Ben bu hastalığın yedi ceddini, anasını avradını sikeyim. Sırf bu hastalık yüzünden işe girmeye çekiniyordum liseden beri. Stajlar yaptım o vakitler de ağrıdı ve şimdi de. işe gireli 8 gün olacak yarın, 6 günü topallayarak eve gitmişimdir. Şu an en kötü atağını yaşıyorum bu serüvende. Bunları yazarken ayağımı soğuk sudan çıkardım ve uzattım. Ayağımı kesseler aynısı acır öyle bir acı. Bilek kızarık ve şiş; bacak kaslarının diz kenarı acıyor ve sağ bacak en nihayetinde pert. Şubat ayındaki stajdan çıkışımda eve dönerken metrobüsten indim adım atamadım. Tellere tutunarak adım adım beşiktaş yönüne çıkıp taksiye binmiştim. Şu an kıvranıyorum amk. Ataklar dışında normal enerjik yerinde duramayan insan ben, bu hastalık sonucunda bacaklarımdan yürüyemez hale geliyorum. Yürüyemez haldeyken vücudumun diğer duyuları son derece iyi. Yine enerjik ve çalışsa sabahlara kadar çalışır modundayım. Kısacası bu hastalığın engelli raporunu ne derece karşılayabileceğini araştıracağım ve askerlik durumunu tam öğreneceğim. Bu arada insanlar görmeden inanmayabilir hastalığınıza, bileğinizi bacağınızı illa görecekler. Çünkü kendilerinin çok acısız, normal bacak ağrısı ile bir tutabiliyorlar...
insanı hayattan soğutan hastalıktır. atak zamanları dışında diğer insanlar gibi normalsiniz.
4 yıldır geçirdiğim atakların ne oldugunu sonunda anladığım hastalık. Benimle aynı şeyleri yaşamış insanların yazdıklarını okumak şu an çok ilginc geliyor. Sanırım omur boyu bir ilaca bağlı kalmam gerekiyormuş. Aksi takdirde bobrekler iflas edebilirmiş.

Günün herhangi bir saati ansızın karnınızın kapısını çalar bu ataklar. Ve dersiniz ki, aa özel günüm geldiii. (iyi ki dişi değilim zira bu çifte periyot anlamına gelecekti)
Daha sonra ağrı ara ara burdayım aga unutma der. Kafasına göre bağırsaklarda takılır. Saat 9 ile 12 arasinda ise artık hazırliklar tamamlanmıştır. Aralıksız sabaha kadar süren bir ağrı baslar.

Go!

ilk 2 saat: Yatakta kivranir, ayaga kalkar, oturur, en acisiz pozisyonu bulmak için ugrasirsiniz. Attığınız haplar bi sike yaramaz.

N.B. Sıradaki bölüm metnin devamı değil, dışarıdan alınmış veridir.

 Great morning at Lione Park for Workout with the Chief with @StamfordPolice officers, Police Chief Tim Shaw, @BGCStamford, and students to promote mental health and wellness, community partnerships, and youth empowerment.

2-4: Artık karnınıza girecek bir bıçağa bu ağrıyı degismeye hazirsiniz. Dünyadaki, tanımadığınız masum bir insanın olumune karar verip izlemeye karşılıkk geçmesini de kabul edebilirsiniz. Sağlığınızin ne kadar güzel olduğu hakkinda derin dusunceler...

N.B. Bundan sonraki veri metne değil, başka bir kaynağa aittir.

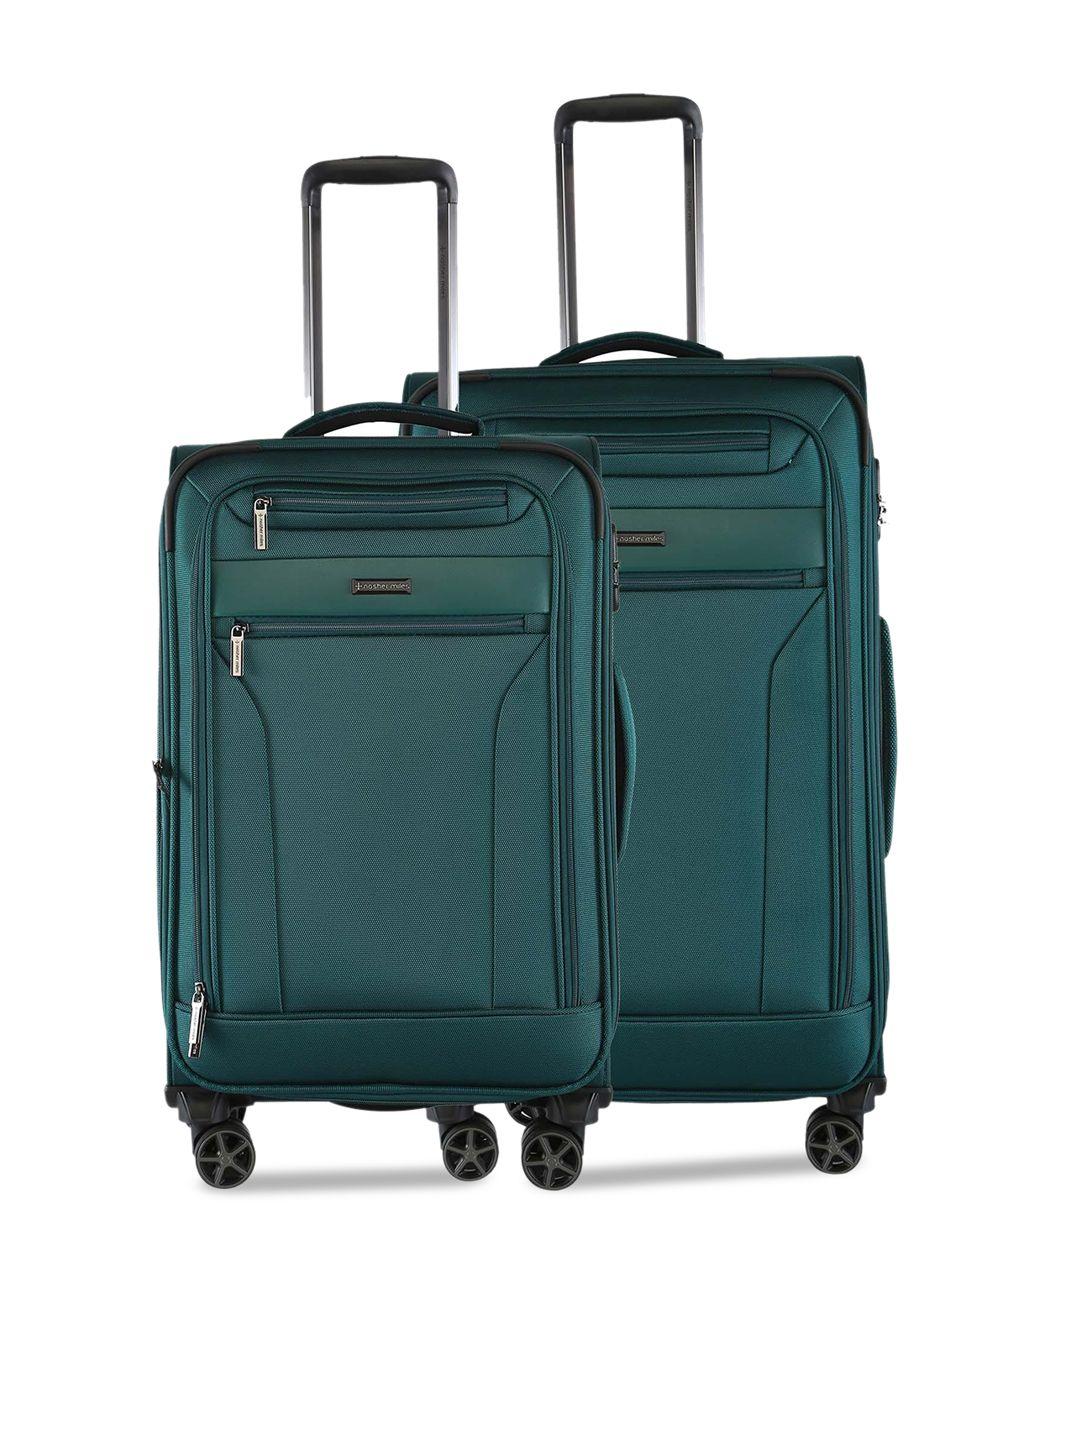 nasher miles set of 2 berlin expander soft-sided trolley bags

4-6: Mazoşist evre. Eheh evet gulmeye başlarsınız artık. Acı dedigin nedir ki? Beyninin sen tehlikenin farkında ol diye yarattığı bir sey. Peki acı, neden kotu gelir insana? Alt tarafı bir his değil midir? Kotu gelmemesi belki senin elindedir acı denen şeyin?

6-8: karnında gezninen agri yavas yavas sağ alta, apandisin altina kayar. Bunun sebebi bağırsak ustu lenf bezlerinin şişmesidir herkes bilmez. Artık gecmeye ve rahatlamaya baslar yavastan bu arada yarı uyur vaziyette zamani hızlı geçirebilirsiniz.

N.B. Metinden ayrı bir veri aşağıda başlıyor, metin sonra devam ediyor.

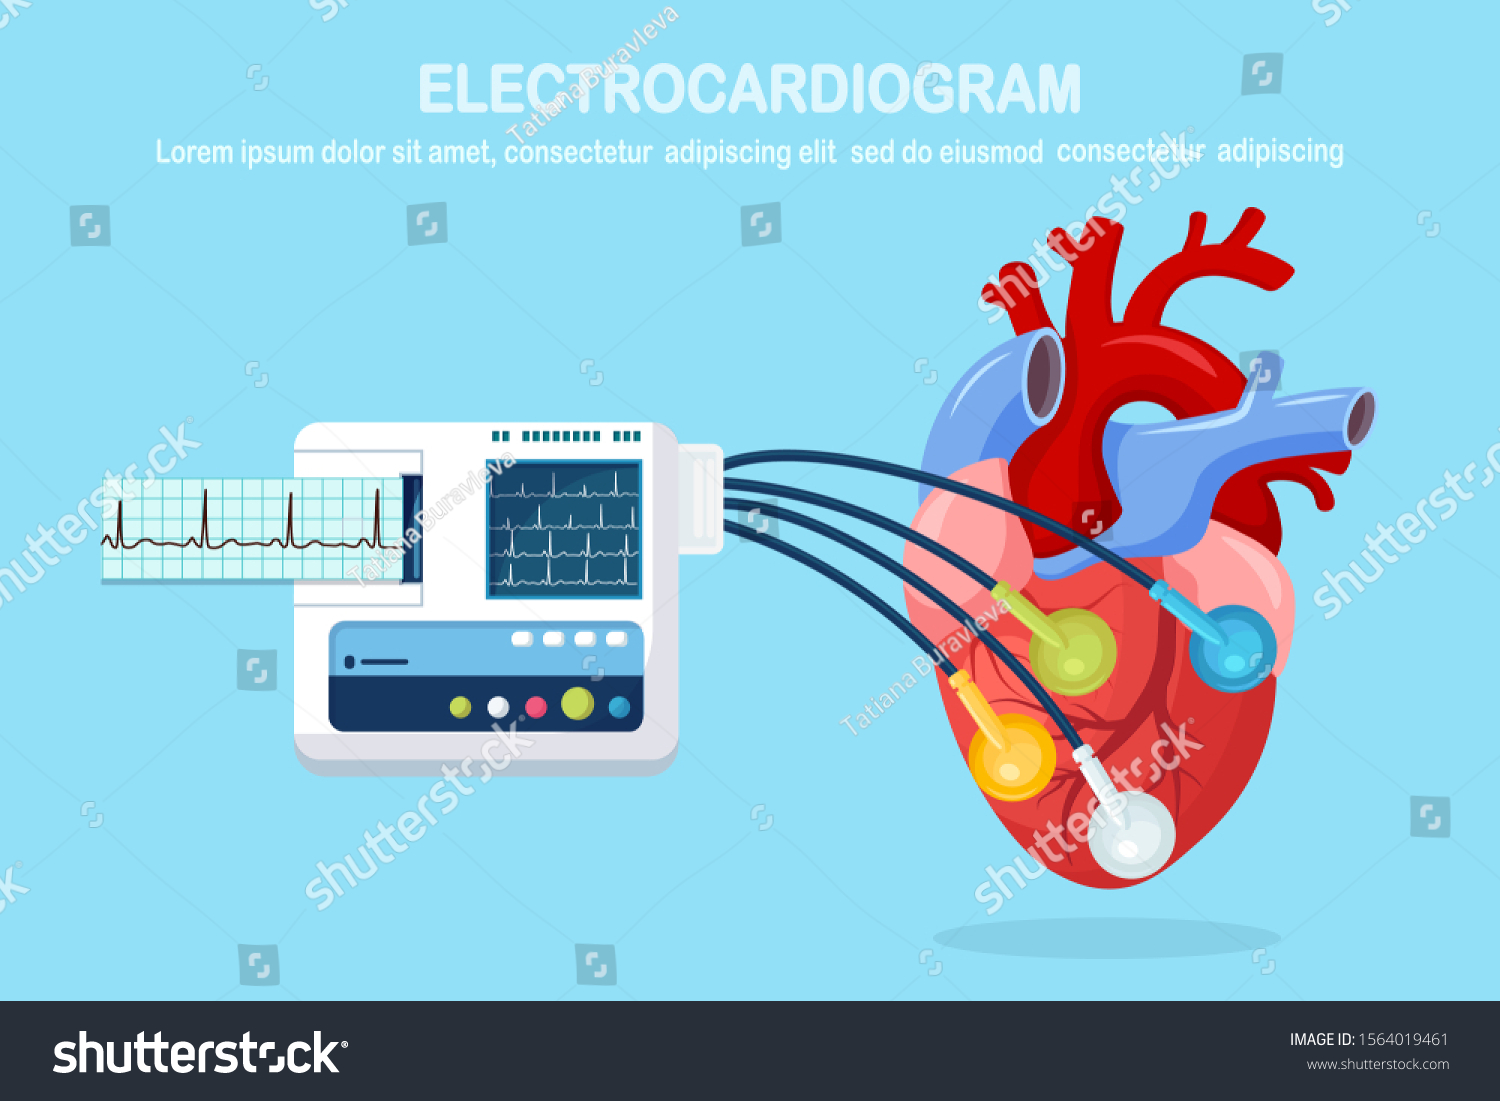 ECG machine isolated on background. Electrocardiogram monitor for diagnosis human heart with EKG graph. Medical equipment for hospital with chart of heartbeat rhythm. Vector flat design  #1564019461

Sonrasinda doktora gidildiğinde basiniza gelebilecek kötü bir sey de sorumsuz cakal doktorlardir. Tak diye apandisinizi ceker alirlar. Belirtilerin çoğu uyar cunku.

Bende de suphelendiler zamanında ama adamın polikliniğinde "gereksiz riskler alan doktorlar, bla bla.." yazıyordu dikkat etmiştim. Müşaade altinda tutup saldı. iyi doktordu.

Çoğu kişi internette 3 gün süren falan yazmış. Tamam sağ alttaki şişlik 2 gun duruyor ama onla yaşanıyor. Ters harekette hafif acıyo hepsi bu. Biri ekşide son 12 saat yataga baglisiniz kemikleriniz çıkacak gibi olur falan demiş hasktir dedim beni 1 gecede mahvediyor 3 gun çekilmez abi. O kadarını yaşamadim artık neden bilmiyorum.

Hayatım boyunca ilac kullanacağım kronik bir hastaligi kabullenmek tuhaf hissettiriyor. 19 yaşında Mutant olduğumu öğrendim. Eyvallah doğa ana.
tam anlamıyla tedavisi mümkün değildir. böbreklerin iflas etmesine sebebiyet verir zamanla. kolşisin adı verilen ilaca vücudunuz yanıt verirse bu hastalık kontrol edilebilir.
ölene dek insanı bırakmayan ilettir. 5 yaşından beri bu hastalıkla beraberim, bi kaç yıldır da bıraktım kolsin içmeyi. resmen hayata meydan okuyorum gibi bi şey. biterse bitsin böbreğim, biktim o tadı en tatlı şekerden bile tatlı olan o hapları içmeyi. sen mi büyüksün ben mi eey fmf!! (öldü).